• [WHAT THE EXERCISE ASKS]:
Omit all pictures, then repeat the listing exactly.

• [EXCERPTED DATA]:
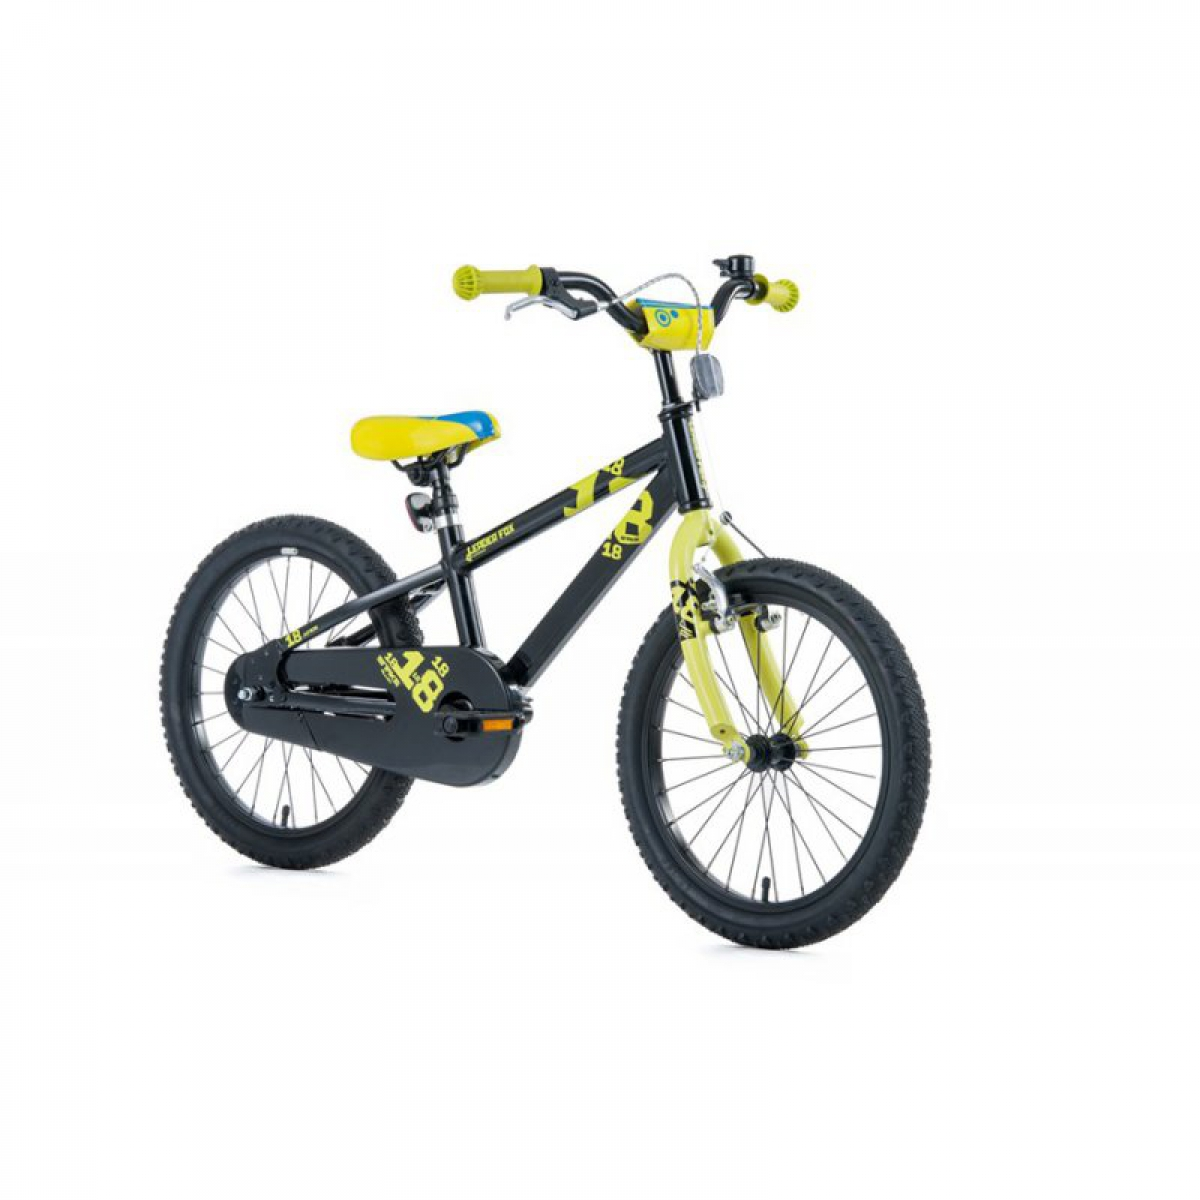 18 zoll aluminium fahrrad leader fox kinderrad snake boy mtb black schwarz ihr fahrrad online. Black Bedroom Furniture Sets. Home Design Ideas
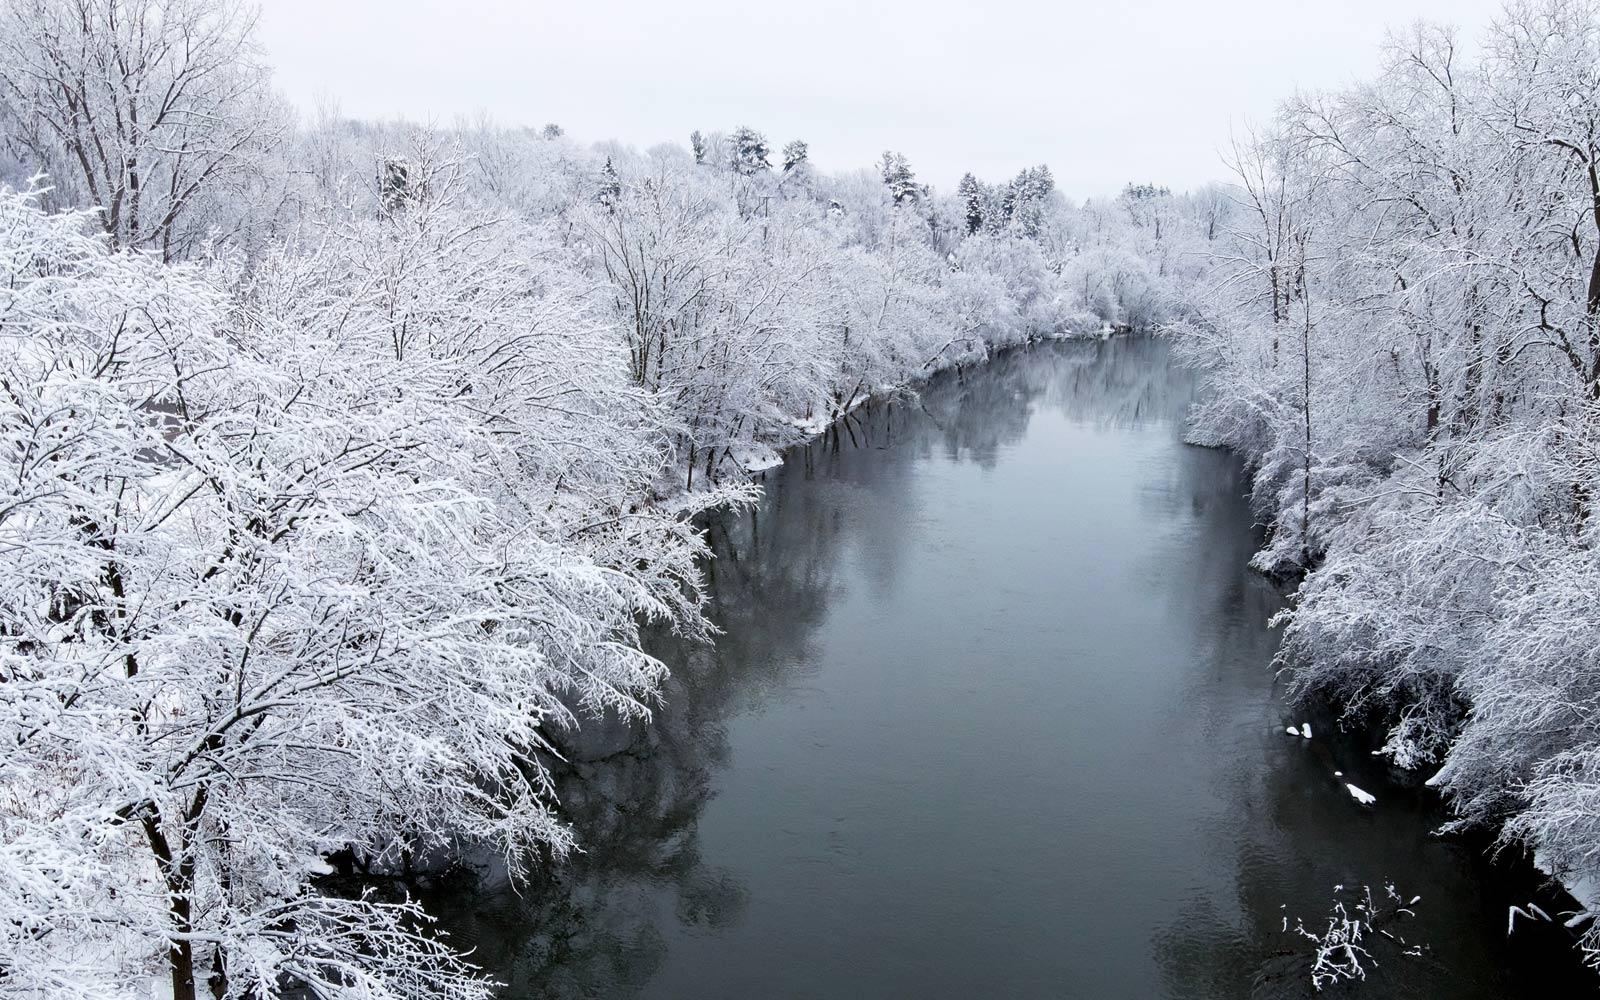 Ochlazení po saunování může být v zimě i vzduchem, když je venku dostatečně zima
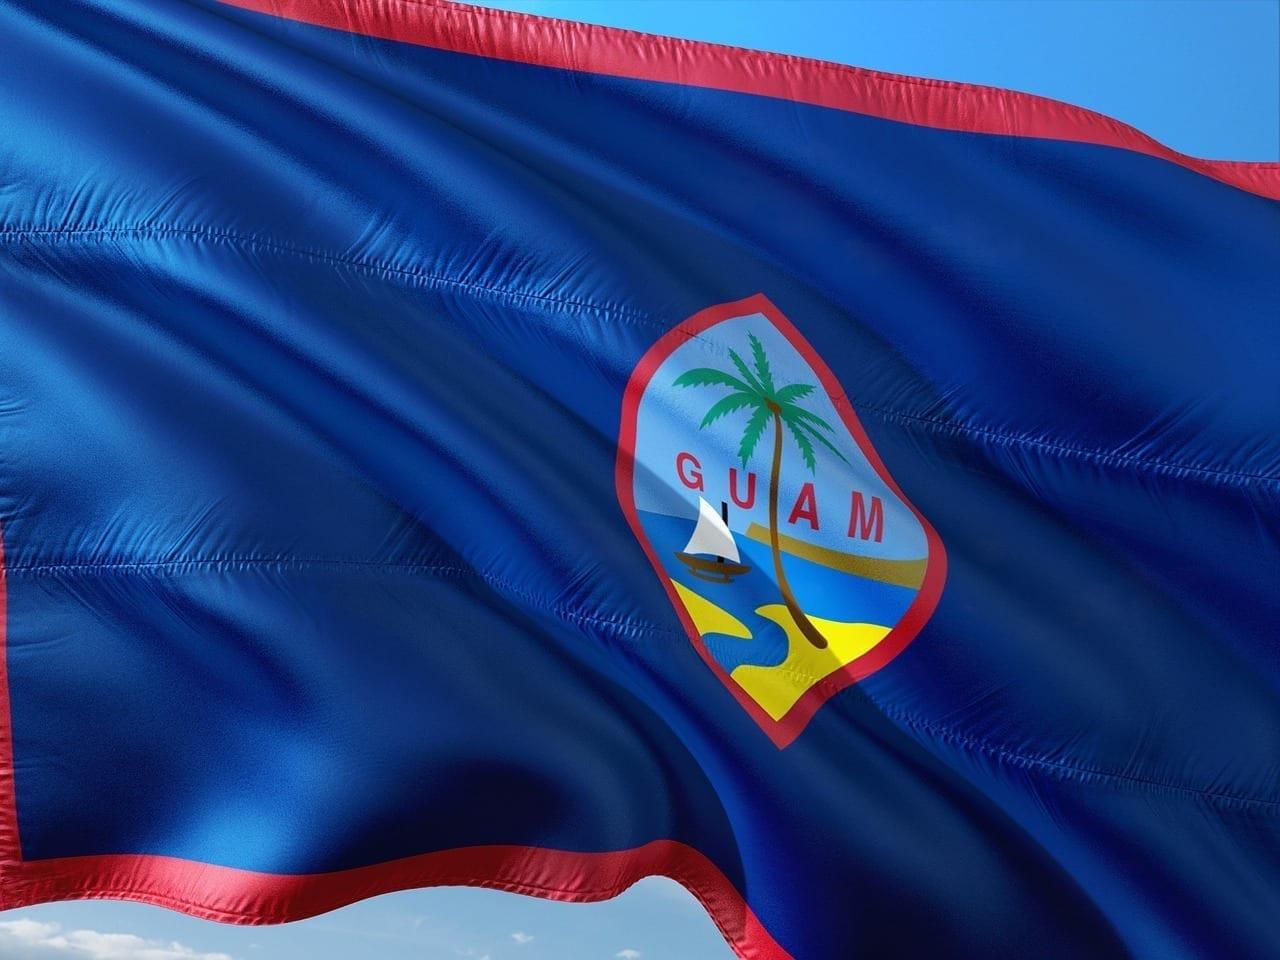 Internacional Bandera Guam Guam
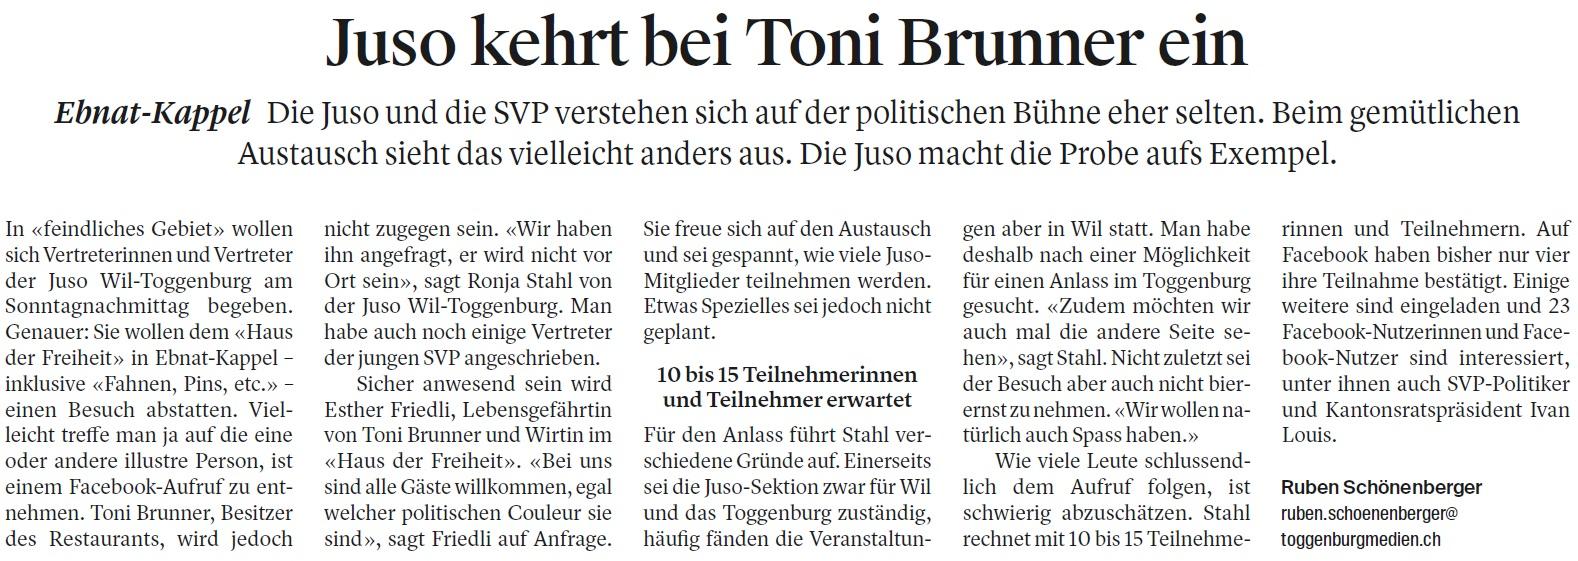 Juso kehrt bei Toni Brunner ein (Freitag, 27.04.2018)
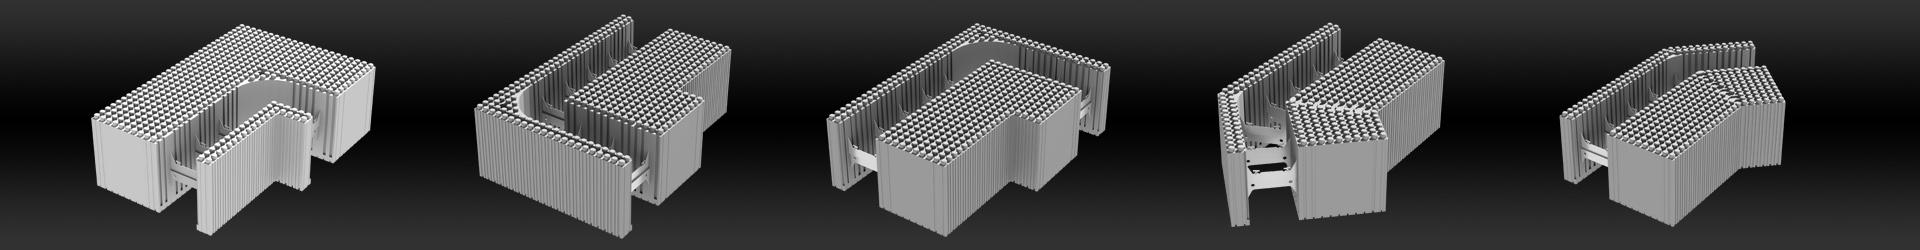 wandsystem 45 cm. Black Bedroom Furniture Sets. Home Design Ideas
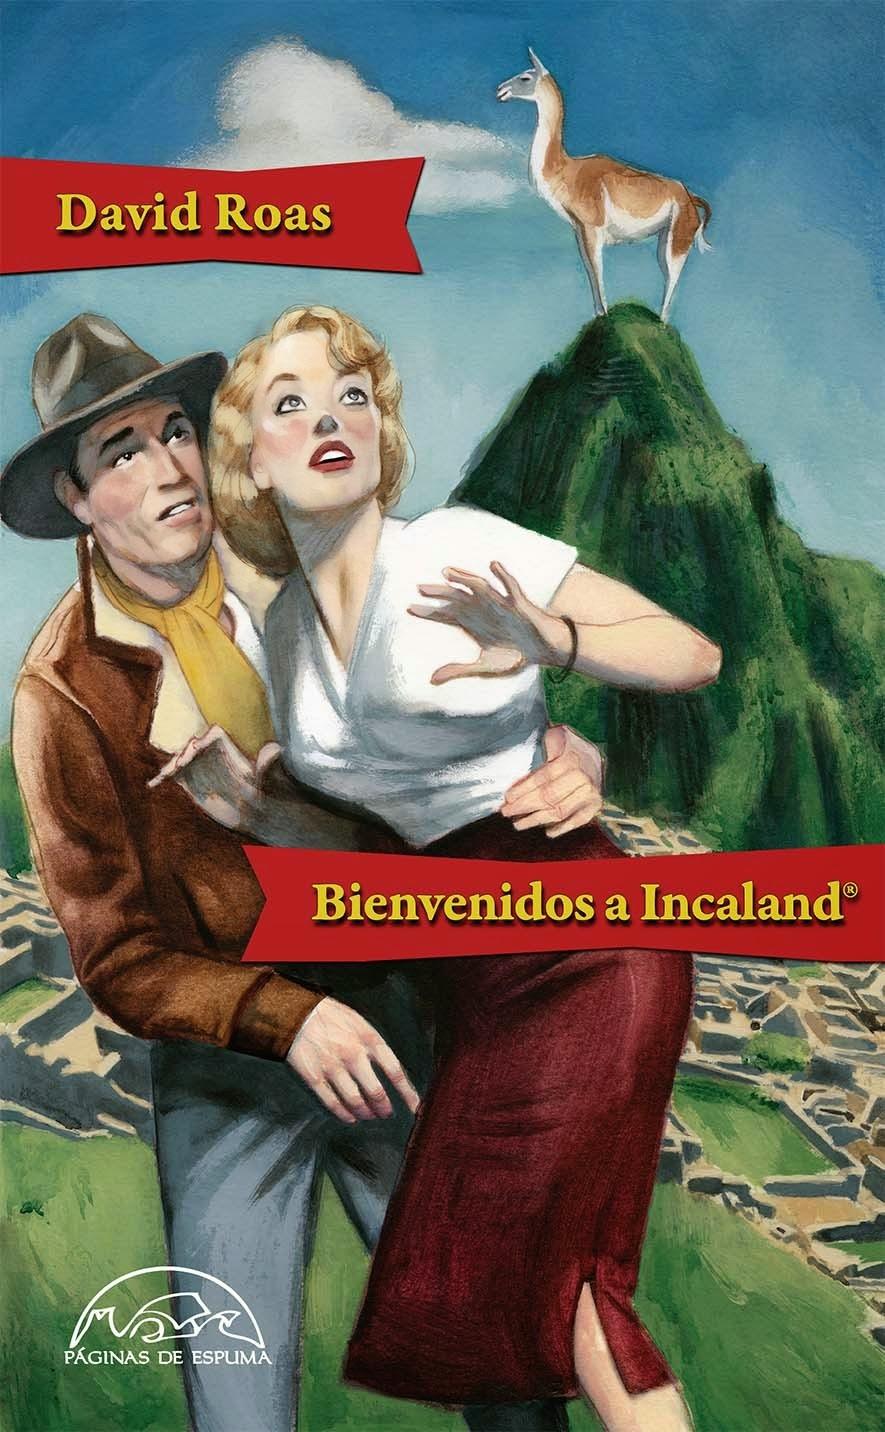 Bienvenidos a Incaland - David Roas
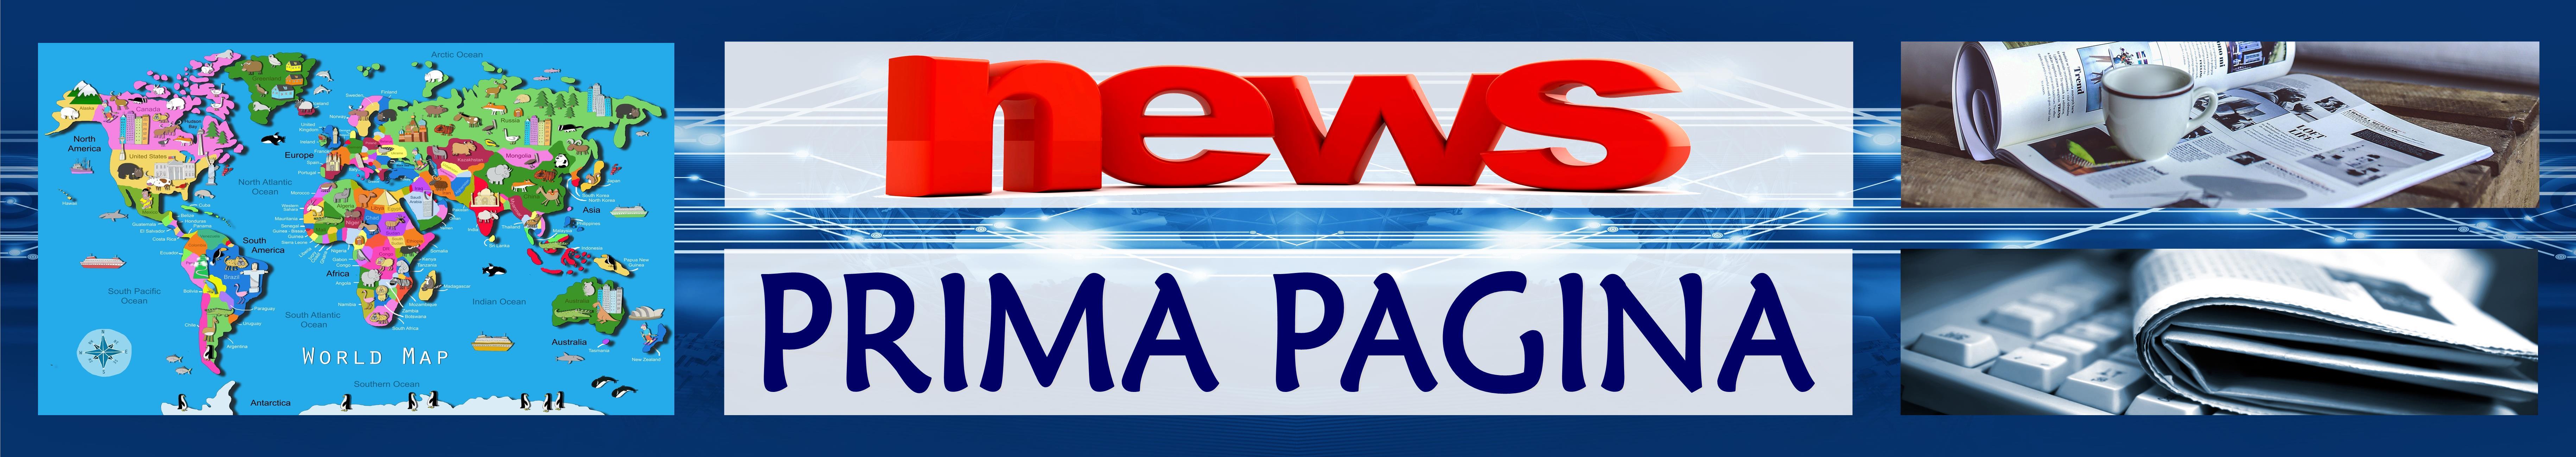 News Testata

• [WRITTEN REPLY]:
 18 zoll aluminium fahrrad leader fox kinderrad snake boy mtb black schwarz ihr fahrrad online. Black Bedroom Furniture Sets. Home Design Ideas
 Ochlazení po saunování může být v zimě i vzduchem, když je venku dostatečně zima
 Internacional Bandera Guam Guam
 Juso kehrt bei Toni Brunner ein (Freitag, 27.04.2018)
 wandsystem 45 cm. Black Bedroom Furniture Sets. Home Design Ideas
 Bienvenidos a Incaland - David Roas
 News Testata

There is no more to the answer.